# Forum Home Renovation Tiling  Grout or silicone shower corners

## benandbert

We have retiled a shower cubicle which has three tiled sides. Do we grout or silicone (or both) the joins between the corners and wall/floor. We are using Davco grout for the rest.

----------


## stevoh741

wet area silicon. Dont grout the corners. Sellys wet area silicon works best for me but other brands out there. Dont use sikaflex.

----------


## ringtail

I'm pretty sure its in the BCA that flexible sealant must be used in the corners and wall/floor junction

----------


## Oldsaltoz

Sealant is required in shower corners and wall to shower base tiles, this is the 'standard'. 
Also note wall tiles should overlap the shower base tiles. 
Good luck.   :Smilie:

----------


## benandbert

Thanks everyone. We have tiled the floor first and the walls second, so have the order correct. Sorry if this is a basic question. Is there any difference between using a bathroom specific sealant caulk (Davco brand)with acrylic in it compared to silicone? We bought the Davco colorcaulk sealant, which says it is acrylic based and flexible, and used for filling expansion joints between bath and tiles, and joints where internal tile walls and floors meet. If this is not OK we could change it if needed.  
Also, does the area between the tiles and the floor drain need to be treated with the same sealant as the joins, or do we just grout it, or something different?
Our first tiling effort is looking pretty good so far, but want to make sure we seal everything well so we don't have any problems with water seepage later. We have waterproofed prior to tiling, but don't want the tiles to fall off from water.

----------


## Oldsaltoz

> Thanks everyone. We have tiled the floor first and the walls second, so have the order correct. Sorry if this is a basic question. Is there any difference between using a bathroom specific sealant caulk (Davco brand)with acrylic in it compared to silicone? We bought the Davco colorcaulk sealant, which says it is acrylic based and flexible, and used for filling expansion joints between bath and tiles, and joints where internal tile walls and floors meet.

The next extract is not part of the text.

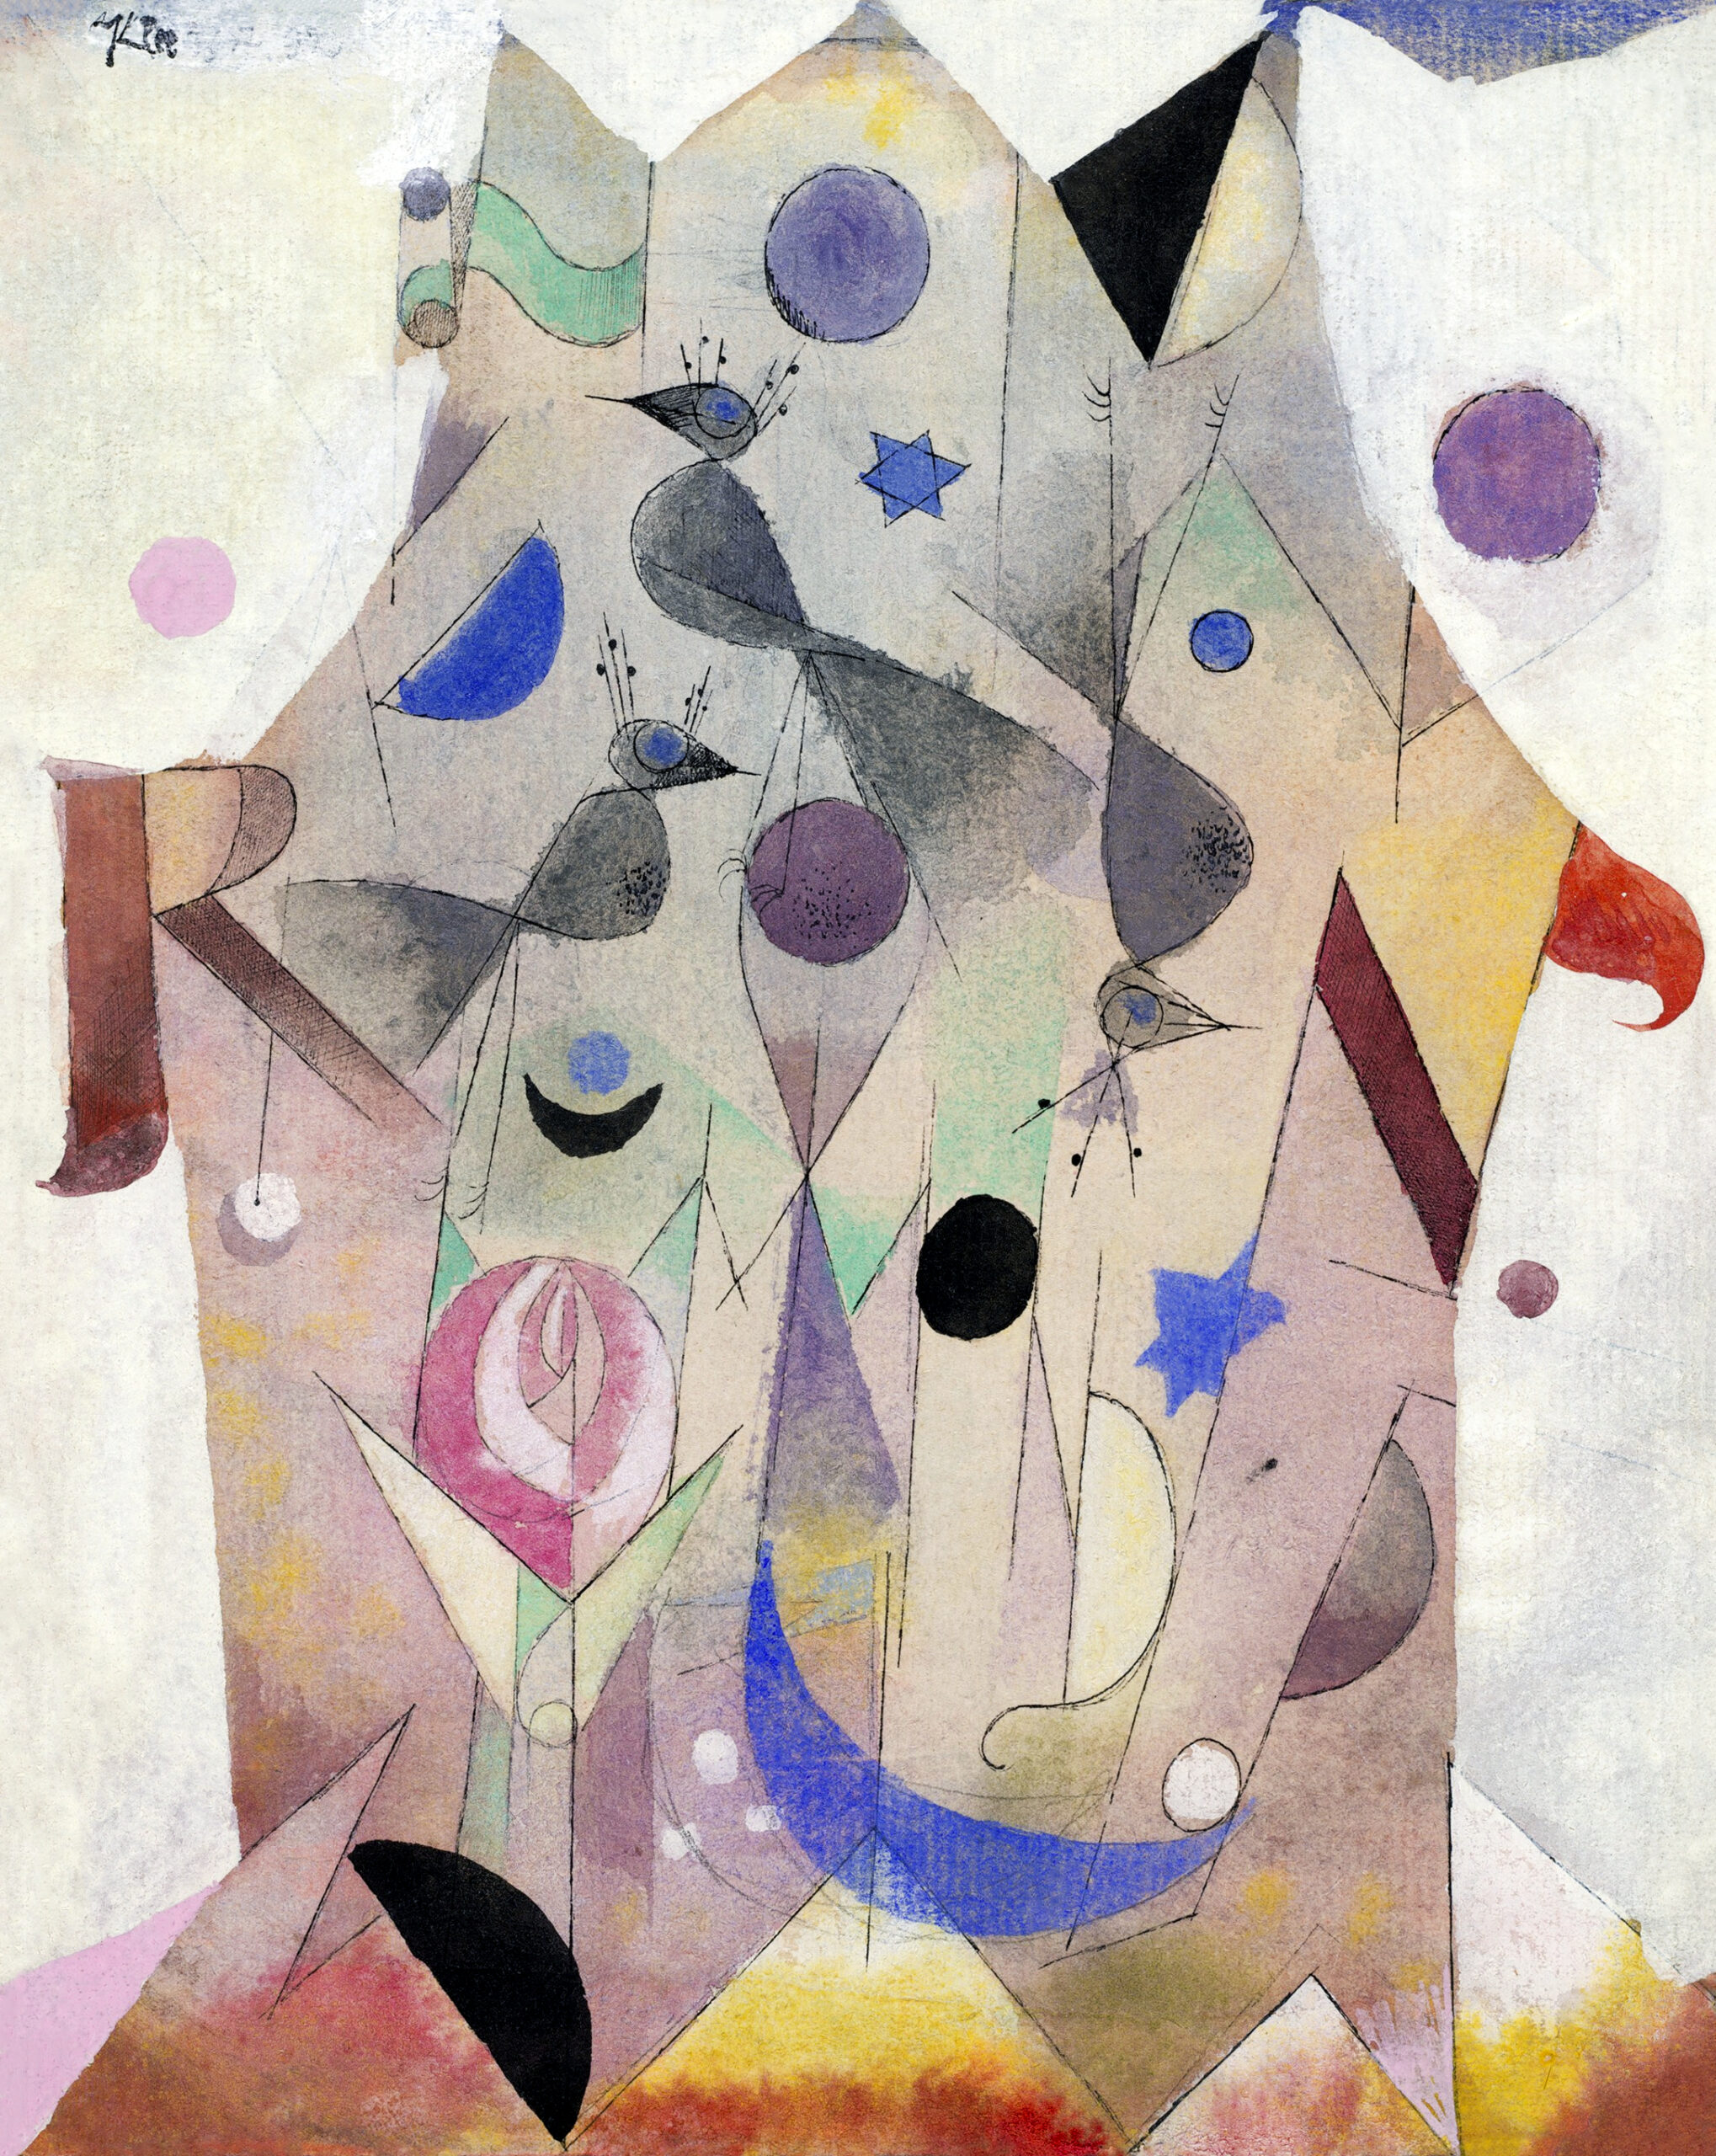 Persische Nachtigallen (Persian Nightingales) (1917) by Paul Klee. Original portrait painting from The Art Institute of Chicago.

If this is not OK we could change it if needed.   The Davco will be fine. 
> Also, does the area between the tiles and the floor drain need to be treated with the same sealant as the joins, or do we just grout it, or something different?
> Our first tiling effort is looking pretty good so far, but want to make sure we seal everything well so we don't have any problems with water seepage later. We have waterproofed prior to tiling, but don't want the tiles to fall off from water.

  Just grout around the floor waste is fine and normal practice.  
Good luck.   :Smilie:

----------


## China

I would use Sikaflex FC 11, it is what the the major resealing compainies use I have used it on many jobs it is far better than silicone

----------


## barney118

The bathroom mob I bought my waterproofing membrane from told me to use specific silicon with the compound from them of course. The cost wasn't much. As some are not compatible.

----------


## stevoh741

> I would use Sikaflex FC 11, it is what the the major resealing compainies use I have used it on many jobs it is far better than silicone

  Sikaflex is no good as the white one turns yellow after a couple of months. Best to stick with the bathroom silcons like sellys. Been using them for years and they are the best for wet areas IMO

----------


## China

I have had Sikaflex in place for four years has not gone yellow

----------


## stevoh741

> I have had Sikaflex in place for four years has not gone yellow

  You must be one of the lucky ones. I and others on here have had it turn yellow and you only need to have the job of trying to get it out to replace with bathroom silicon once to know never to use it for that purpose again.

----------


## r3nov8or

I would also recommend Selleys Wet Area silicone.  
I have had the Bostik version fail pretty quickly. May have been a one off / batch issue, but I'm not going back.

----------